We want our organism to respond to these stimuli, by producing some kind of output. A response, like the stimulus, will consist of stream of time-indexed responses to the incoming stimulu. For example, our organism might respond to the stimuli in the following way:
Rather than tracking stimulus and response separately, we can combine the two, as they come from disjoint sets. I’ll call this combination the Activity—the set of all elements present at a particular time step. An Activity stream captures everything captures much of what is happening in our tiny world.
Notice that the response comes in the time step after the stimulus. So when we look at the total set of things that are active in any time step, we have the stimuli from the world, and the response to the stimulus in the previous time step.
We now capture the behaviour of organism: it is one or more activity sequences. Each of these contain both how an organisms responds to the sequences of stimuli.
With a little work, we have the beginnings of how to judge how well an organism performs a particular task, by prescribing what responses we want to see.
First, however, we need a way to encode how an organisms behaviour.
TODO: Sidebar here on gene regulation. Or perhaps something in the appendix. Or maybe a nutshell.
So far, I’ve described a world that consists of series of activities, where the activity at any time step is a subset of the all possible stimuli (from the environment), and all possible responses (from the organism).
I haven’t said how our organism generates a response to a stimulus. This is where we need an encoding. Recall what an encoding is. It is not the a complete description of how the something works. Rather, it is a way of externalising control over a system, so that it can be manipulated. So we need to provide an encoding and a way to interpret that encoding so that it produces the behaviour described in the last section. We’ll start simple, and build up to a the full encoding.

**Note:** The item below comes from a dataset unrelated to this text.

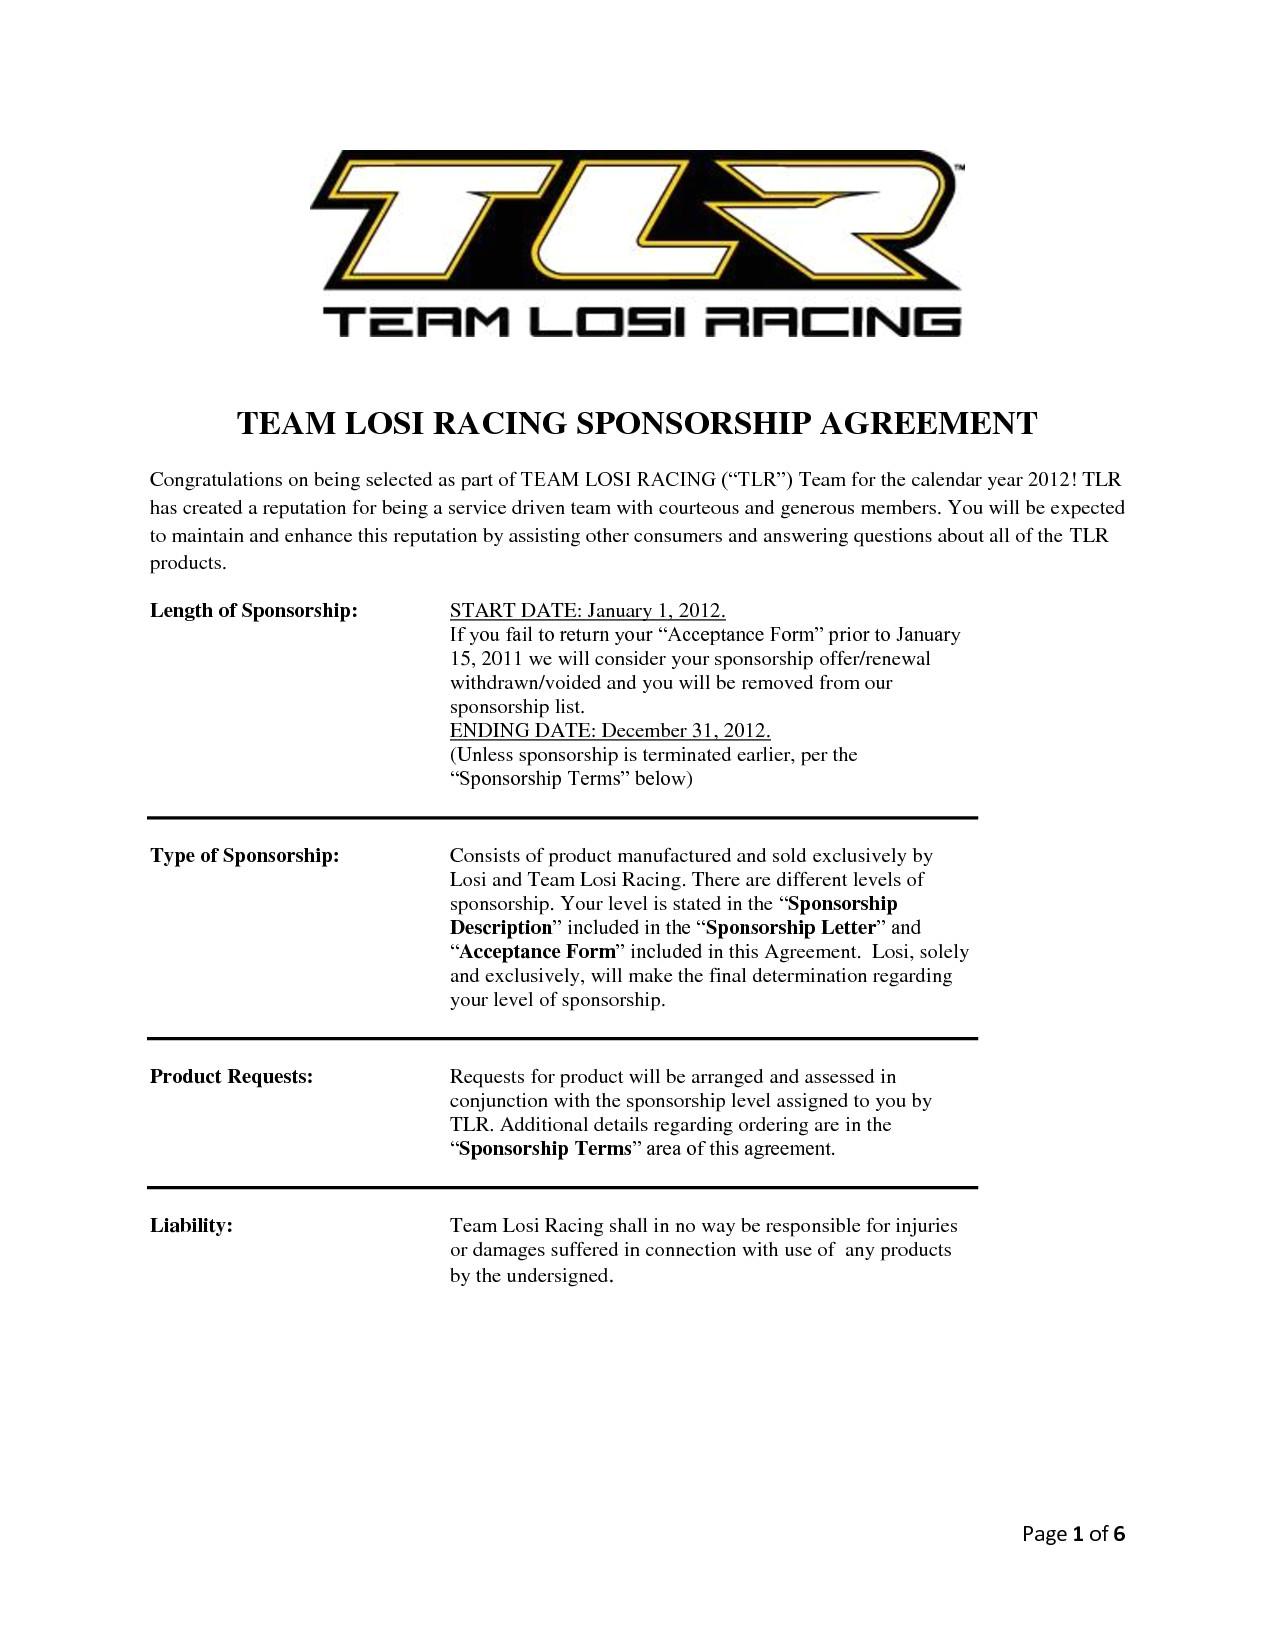 Motorsport Sponsorship Contract Template Team Losi Racing Sponsorship Agreement Chainimage

I will do process will take a few steps. The process may seems long-winded, but it will be there are several distinctions that are important, and building it slowly will allow me to talk about each of these.
To begin: Consider, first, what our encoding must do: it needs to describe how the stimuli from the world is wired up to particular responses. And this description needs to be manipulable, so it can change how this “wiring up” is done.
The last condition is crucial. An organism needs to be able to respond to more than stimuli, but it also needs to be able to integrate the status of these multiple stimuli.
What does our encoding look like? Here, I will draw inspiration from simple representations of gene regulatory interactions (cite Buchler). A gene is transcribed, and a protein produced in the presence of certain other factors. These consist of several CIS regulatory modules.
The schema for behaviour I presented above is very general—the elements could be behaviour at any level. But now we can give a simple gloss to the elements: they are molecular structures (mostly proteins), that are present for one time step. Our “organism” is a single cell, responding to the local environment. The environment contains certain molecules (A, B), and our cell responds to them by producing other molecules (C, D).
Our encoding is going to be a string of symbols. You can think of it as “DNA” of our tiny world. Here is a first try at describing a gene.
ab->CNotice the lower-case a. You can think of this as a detector of the element A. Or, keeping in our gene regulatory context, a is a stretch of DNA—a cis-regulatory motif, a stretch of DNA that the element A binds to.
We can tell a story about how this works. If element A is present at time \(t\), it binds to the motif a. This switches on the gene, and the element C gets transcribed in the next time step \(t+1\).
Thus, for this particular gene to be switched on, proteins A and B must be present. They bind cooperatively, switching it on. And when it is switched on, the gene expresses a third protein, C.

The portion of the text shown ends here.